In this section, we presented our main findings on the relations between nucleotide point entropy in preS region and HCC development. Our main aim is to classify the CHB/HCC patients or build the prediction model for HCC using nucleotide point entropy in the preS region, at the same time, to find some important point mutations that contribute to HCC development. Since clinical indexes are more easily obtained, we also explored the associations between point mutations in preS region and clinical indexes.

Participants and nucleotide acid entropy of the preS region

The baseline information of the CHB and HCC patients (Shanghai dataset) was summarized in Table 1. In both training and test cohort, the HCC patients showed more inferior liver function, older age and lower serum HBV DNA levels.

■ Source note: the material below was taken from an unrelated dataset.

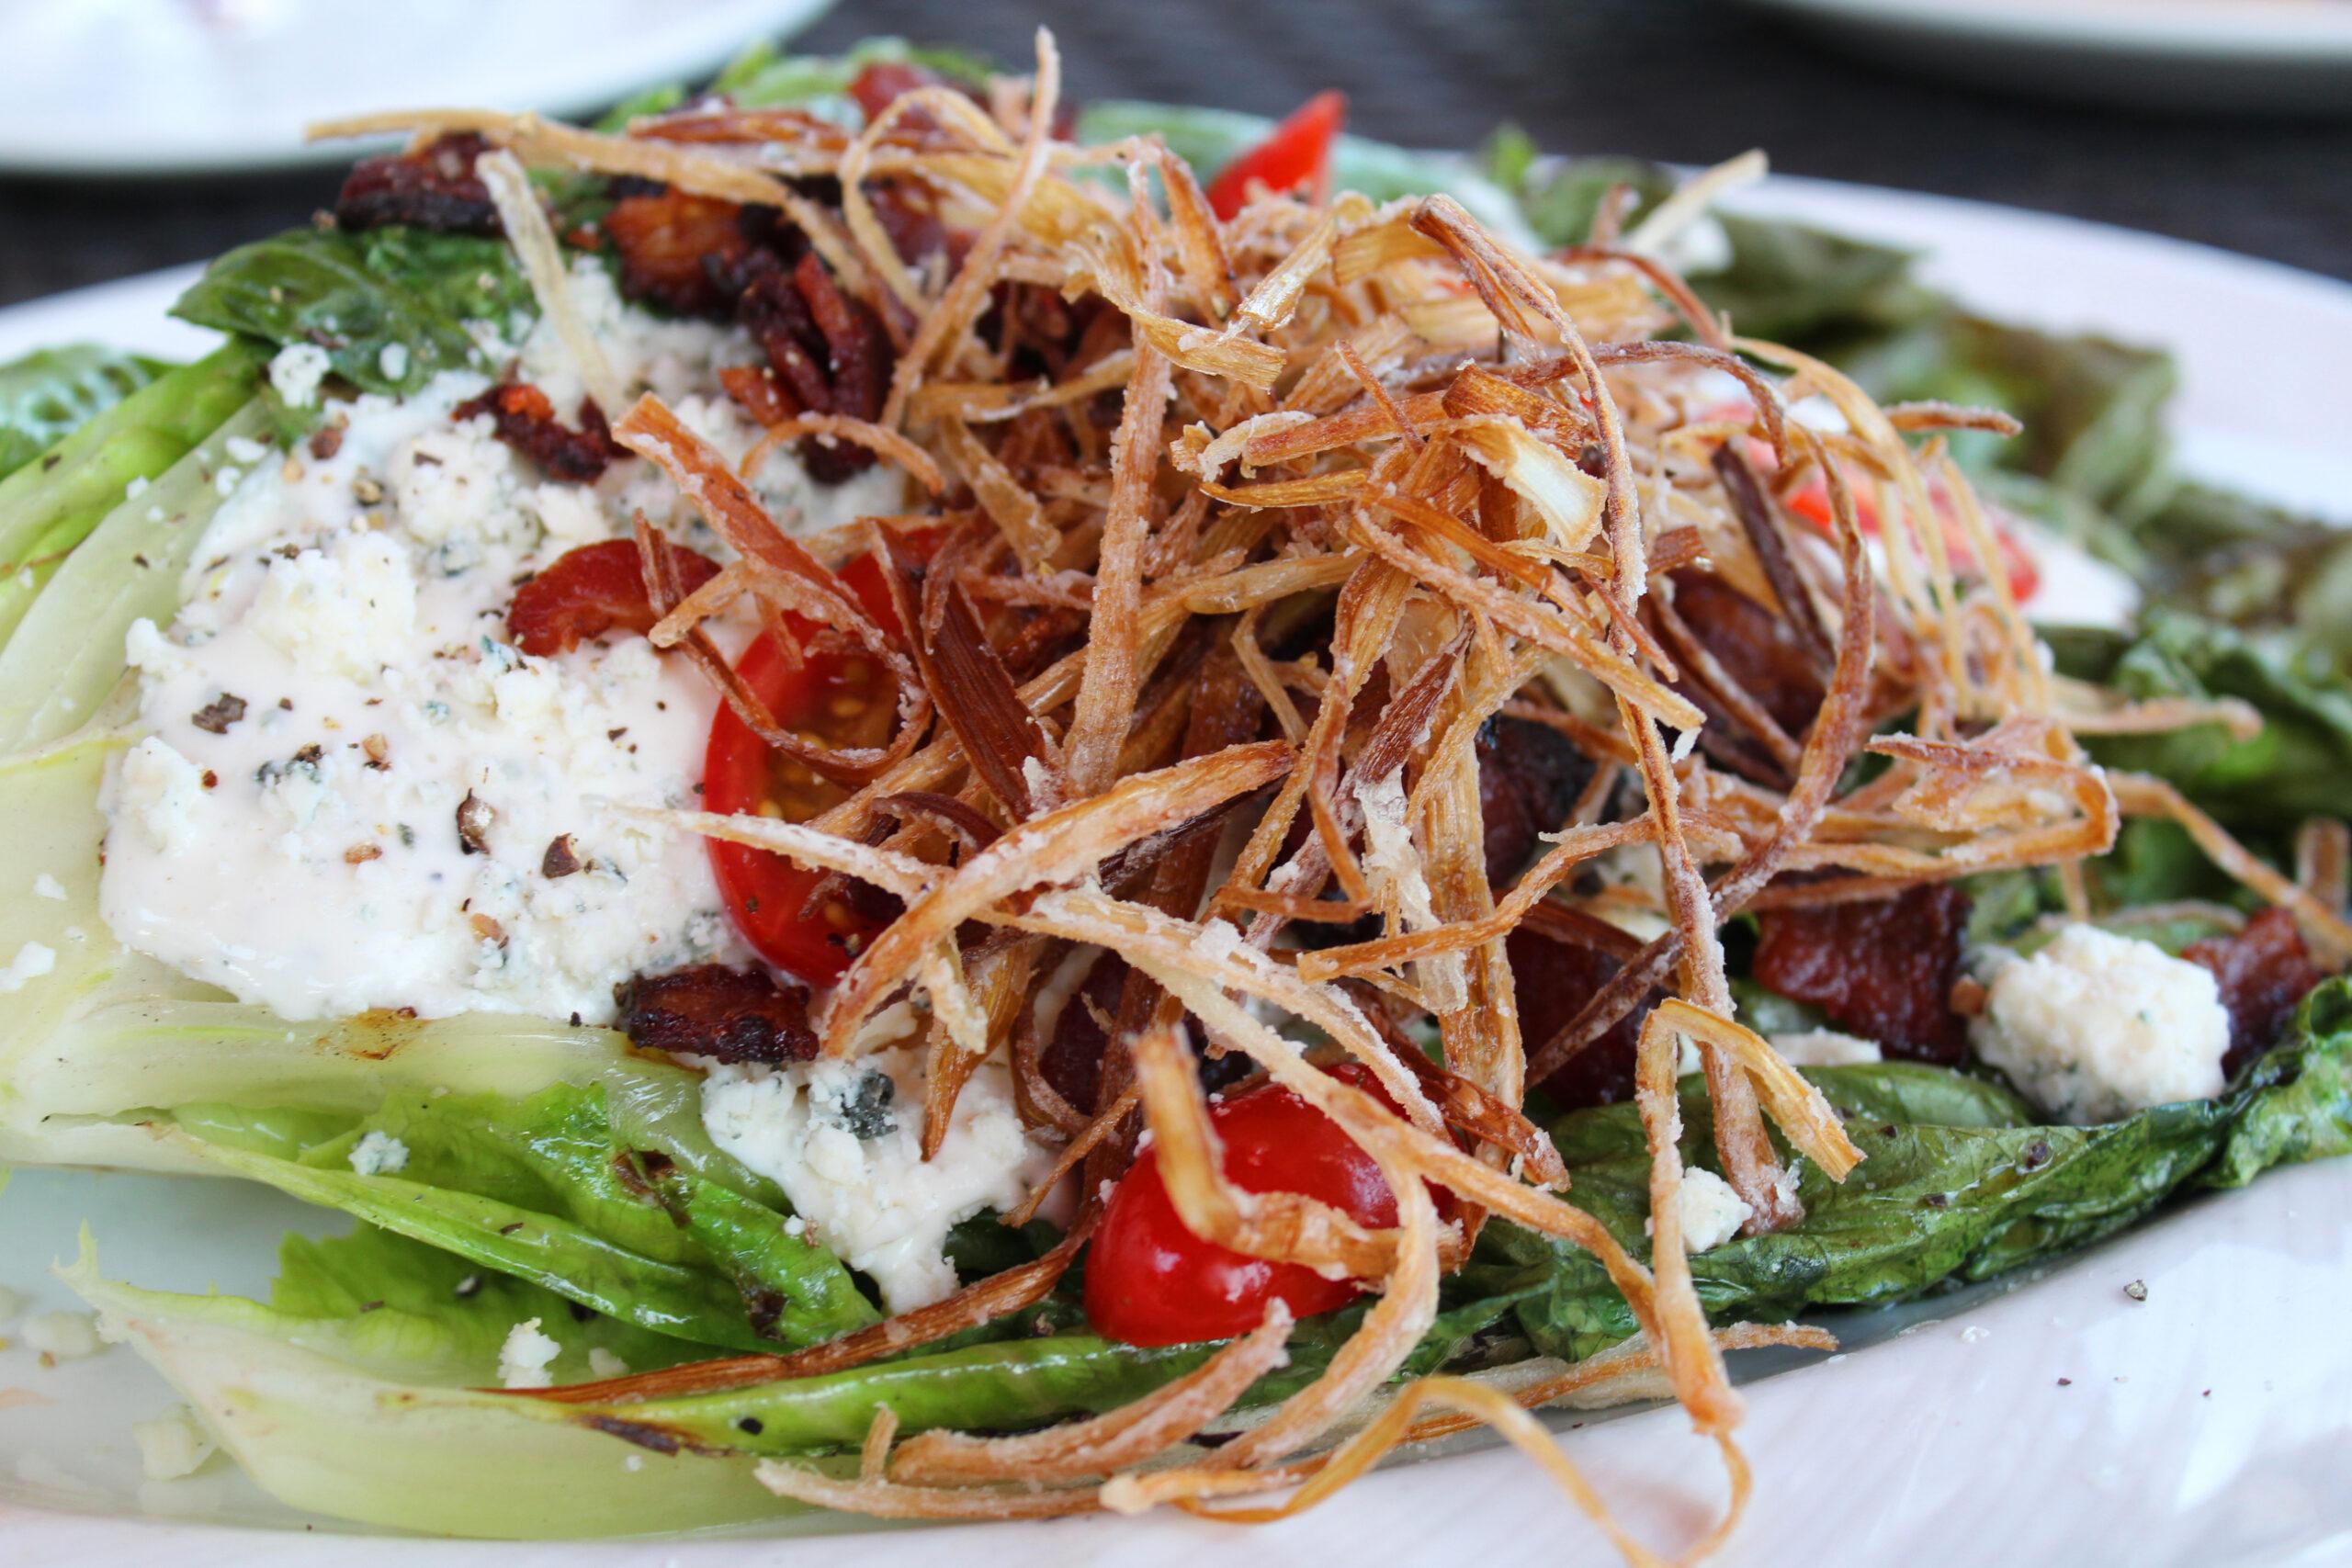 upscale steak house blue cheese salad

Table 1 Demographics and baseline laboratory markers of training cohort and test cohort

Full size table

The nucleotide acid entropy of preS region was calculated and the entropy distribution was shown in Fig. 1A. The median entropy of preS region in CHB patients was 0.0087 (0.0074–0.0092), which is lower than counterpart in HCC patients 0.0090 (0.0076–0.01001). No significant difference was found between entropy of all nucleotide points in preS region (Fig. 1B). When nucleotide points entropy of the preS1 and preS2 were compared respectively, nucleotide points entropy in preS1 region of HCC patients were significantly higher than those in CHB patients. While in preS2 region, the opposite trend was presented between HCC and CHB patients (Fig. 1B). Furthermore, entropy of individual nucleotide positions was compared and the p-value and fold-changes were presented in Fig. 1C. A lot of positions showed significant divergence in entropy between CHB and HCC patients.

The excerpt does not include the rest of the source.